You can see that during this test, it successively builds on each prior example. Notice how each user question is completely different:

• "what would you recommend for training a large language model on a budget?"
• "how would you optimize inference costs for a production deployment?"
• "What are the key considerations for distributed training mentioned in the context?"

RadixAttention's tree structure elegantly handles this pattern. It caches the shared system context once, then efficiently processes each unique user query. The cache hit covers the expensive part (processing thousands of tokens of technical context), while only the small user queries need fresh computation.

Testing parameters

To get some benchmarking numbers, I used 2X H100 SXM pods in Secure Cloud, using deepseek-ai/DeepSeek-R1-Distill-Llama-70B. Running the prompt, I get the following results.

Large Context RadixAttention Analysis

So, hitting the cache on a 7k size prompt results in about a ~20% increase, and roughly matching the speed on a small prompt with no context at all.

vLLM Benchmark Results

The results paint a picture - on fresh context, the two engines are relatively equally matched. However, RadixAttention gives a clear benefit in the larger multi-turn conversations, especially when the cache is involved, giving about a 10% boost over vLLM at the same context loads. These benchmark results translate to significant cost savings in production scenarios. Consider a customer support chatbot handling 1,000 conversations per hour, where each conversation averages 5 turns with substantial context. The 10-20% performance improvement from SGLang's RadixAttention means significant compute save, especially in a serverless environment where compute is paid for by the second.

When to Choose Each Framework

Choose SGLang when:

• Building conversational AI applications with unpredictable dialog flows
• Handling customer support, tutoring, or coding assistance use cases
• Working with large context windows that vary between conversations
• Prioritizing zero-configuration optimization
• Deploying applications where conversation context frequently overlaps but isn't identical

Choose vLLM when:

• Running batch inference with predictable, templated prompts
• Handling high-throughput scenarios with exact prefix matches
• Need fine-grained control over caching behavior
• Working with structured workflows where request patterns are consistent
• Prioritizing maximum throughput over conversation-specific optimizations

See for yourself

I've written a Jupyter notebook and some handy scripts that let you run the same prompt against both engines and it will tell you which is better for your GPU spec and your prompt, using the same real world hardware that you'll be using in production.

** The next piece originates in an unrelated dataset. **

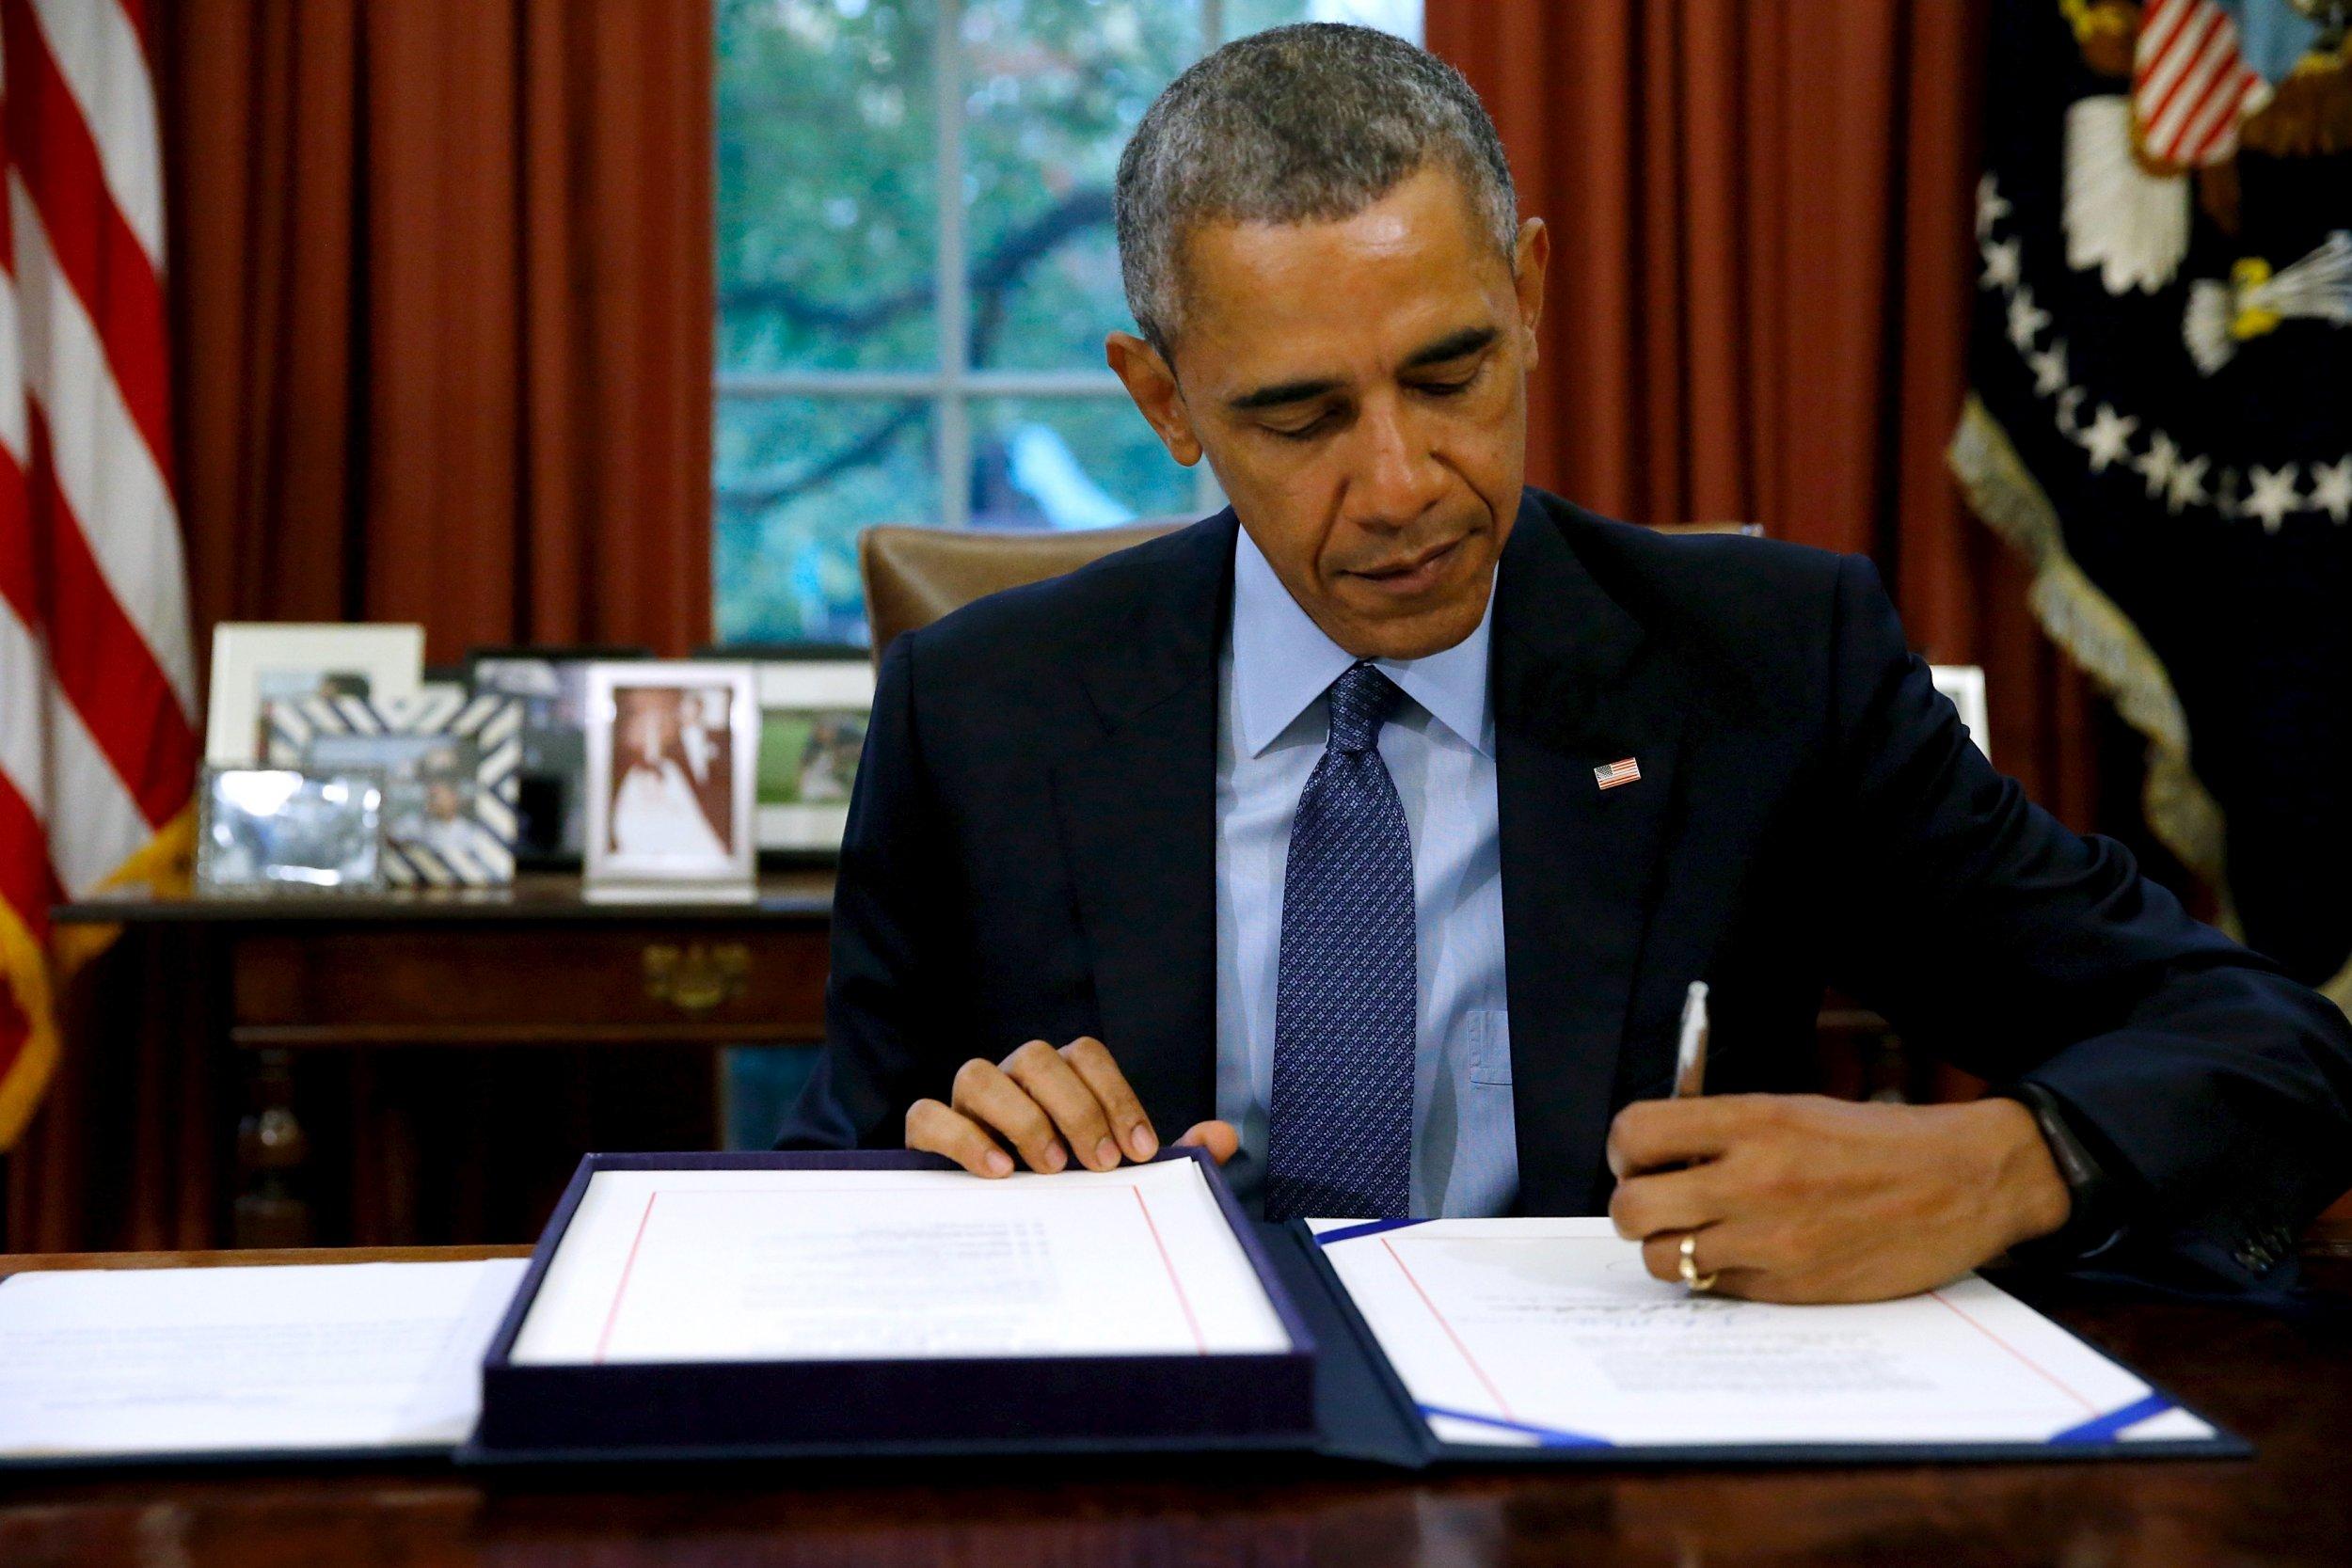 11_02_Obama_Budget_Deal_01

Download it from GitHub here.

The script provides detailed metrics for each engine. Here's an example for a simple one-shot prompt (Do an in-depth historical analysis of the Declaration of Independence)

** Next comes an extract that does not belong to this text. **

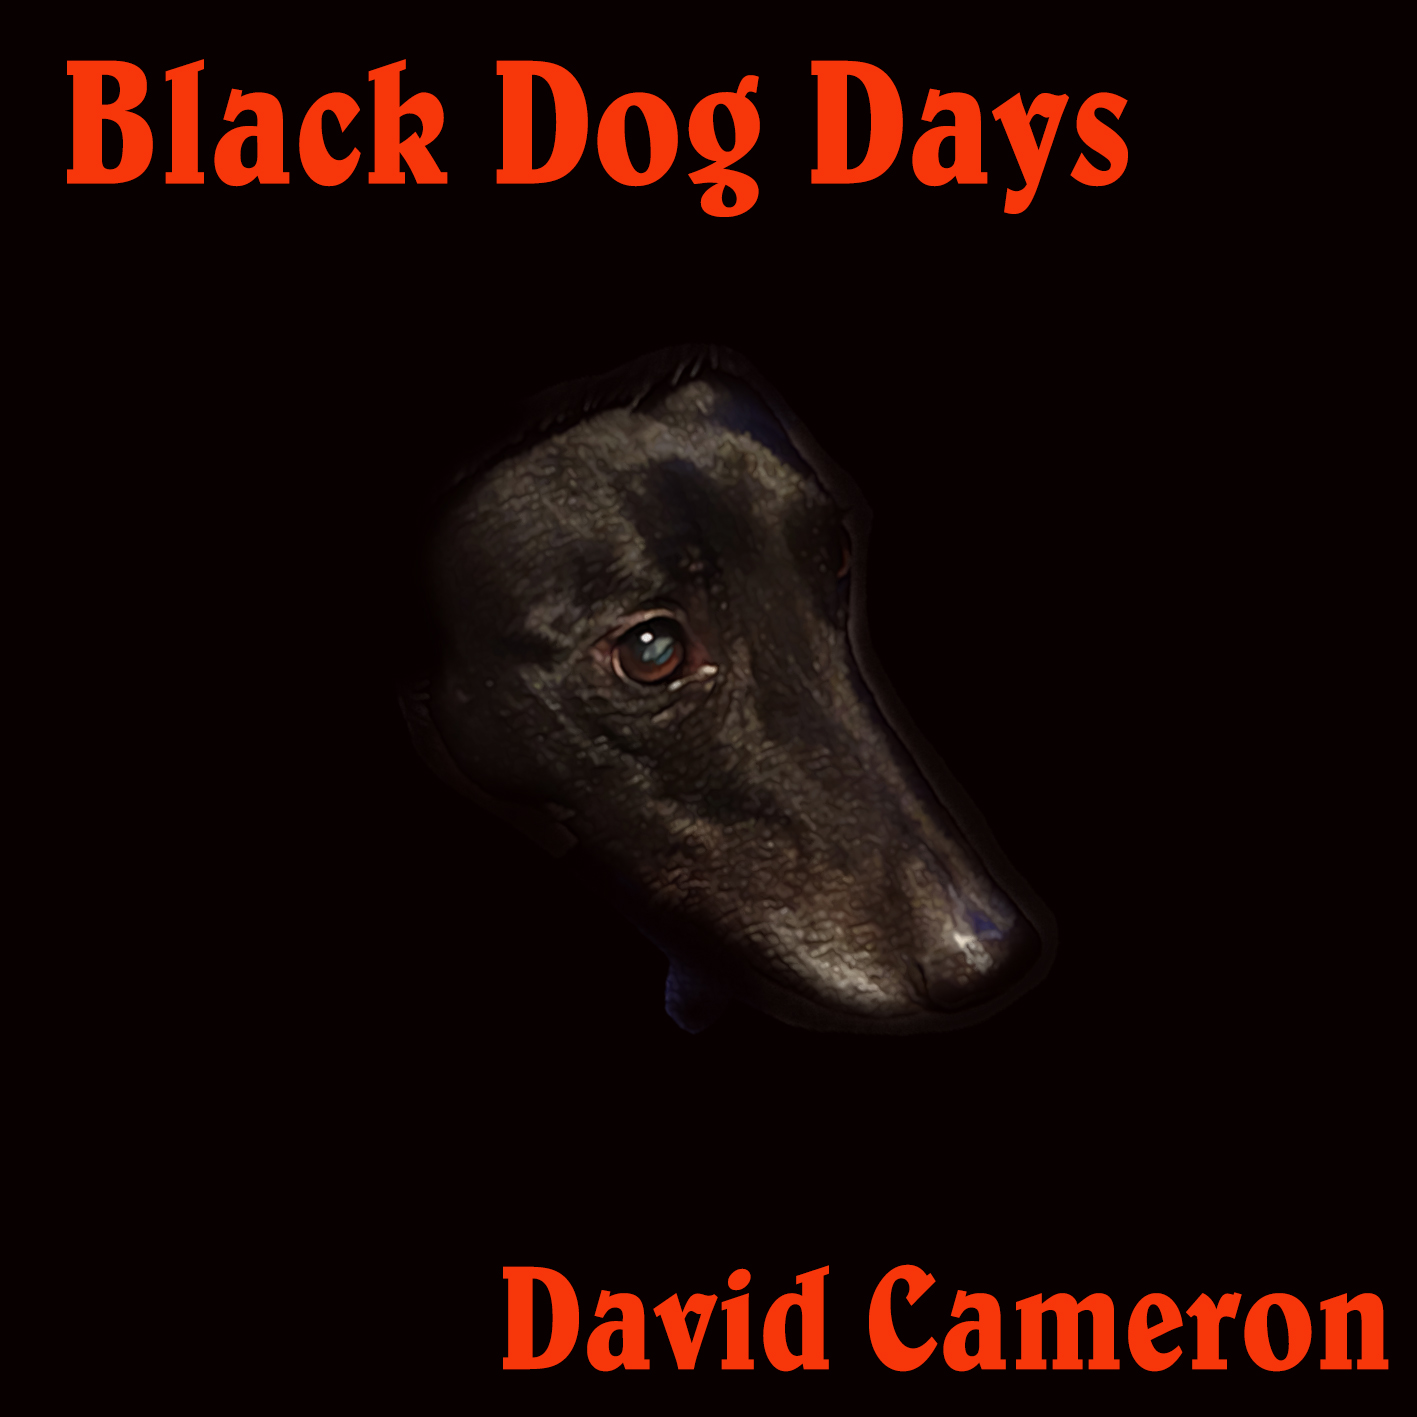 Black Dog Days Case cover 1

vLLM: 17.06s, ~1024 tokens, 60.0 tok/s
SGLang: 15.49s, ~817 tokens, 52.7 tok/s
🥇 vLLM was 1.1x faster in tokens/second

So in this one-shot case, vLLM actually came up on top - so clearly, it's not as simple as just picking one package or another every single time.

Conclusion

We offer both SGLang and vLLM in our Quick Deploy endpoints - but to date, we haven't been super clear about why you would want to use one over the other. We want to empower you to choose the right one for the job. Both engines are very powerful and flexible, but the truth is there's going to be one tool that's better for any particular job, and we want to empower you to choose the right one for the job. Now, we have a notebook that will help you do that.